The Chesapeake Dragons were an American soccer team, founded in 2001. The team was a member of the United Soccer Leagues Premier Development League (PDL), the fourth tier of the American soccer pyramid, until 2004, when the team left the league and the franchise was terminated.

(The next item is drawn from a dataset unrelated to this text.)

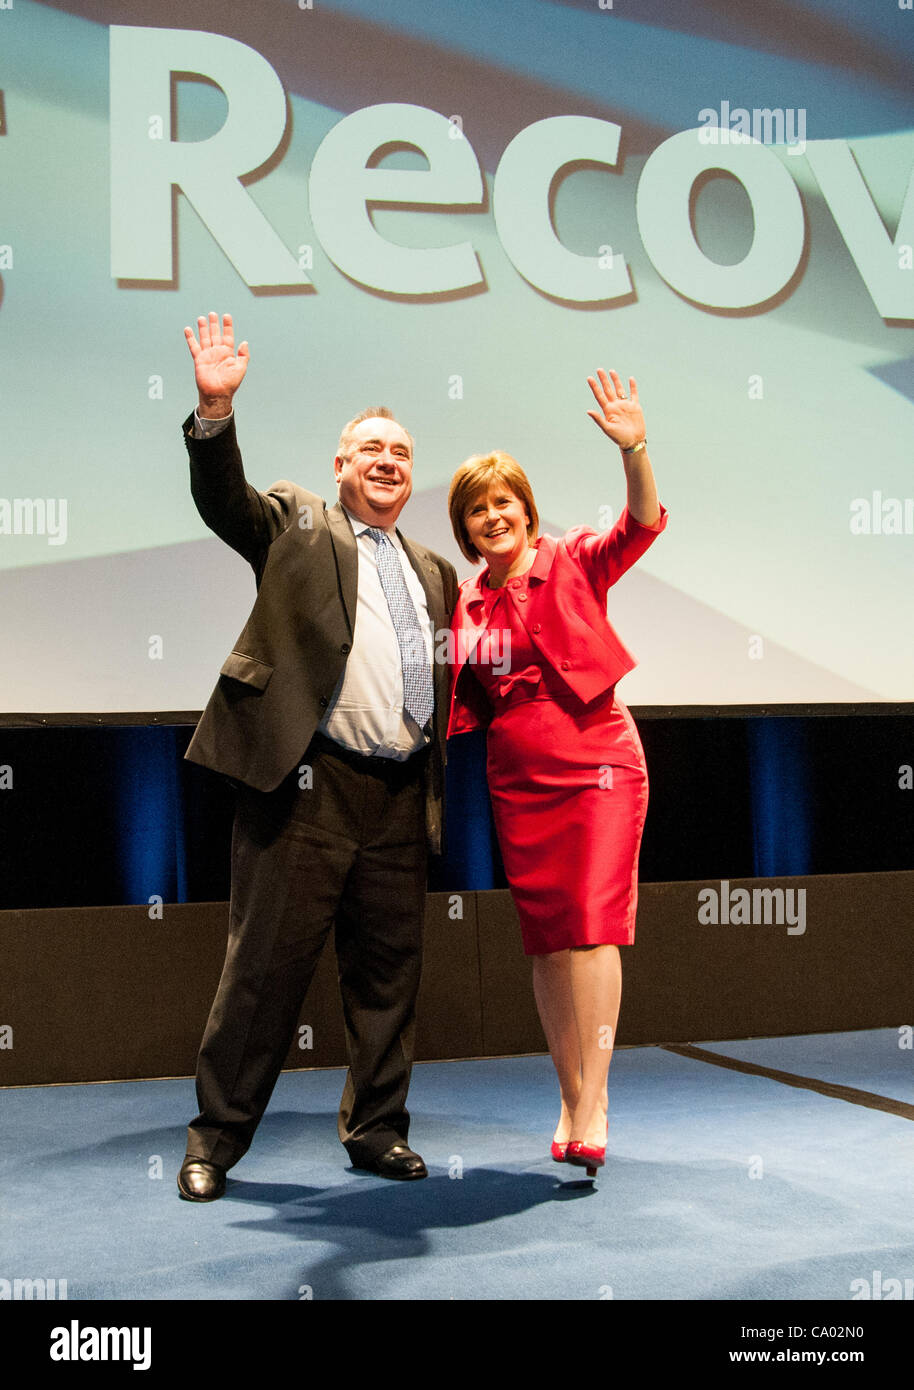 Alex Salmond e Nicola Storione prendere la fase dopo il vice leader dell' indirizzo di chiusura a molla SNP conferenza presso il SSEC in Glasgow. Immagine: Wullie Marr/ Alamy Foto Stock

The Premier Development League awarded Bowie, Maryland an expansion team in January 2001. They ended their inaugural 2021 season with a record of 3-7. They played their home games that season on the Bowie State University campus. Sumed Ibrahim was a member of the 2001 squad.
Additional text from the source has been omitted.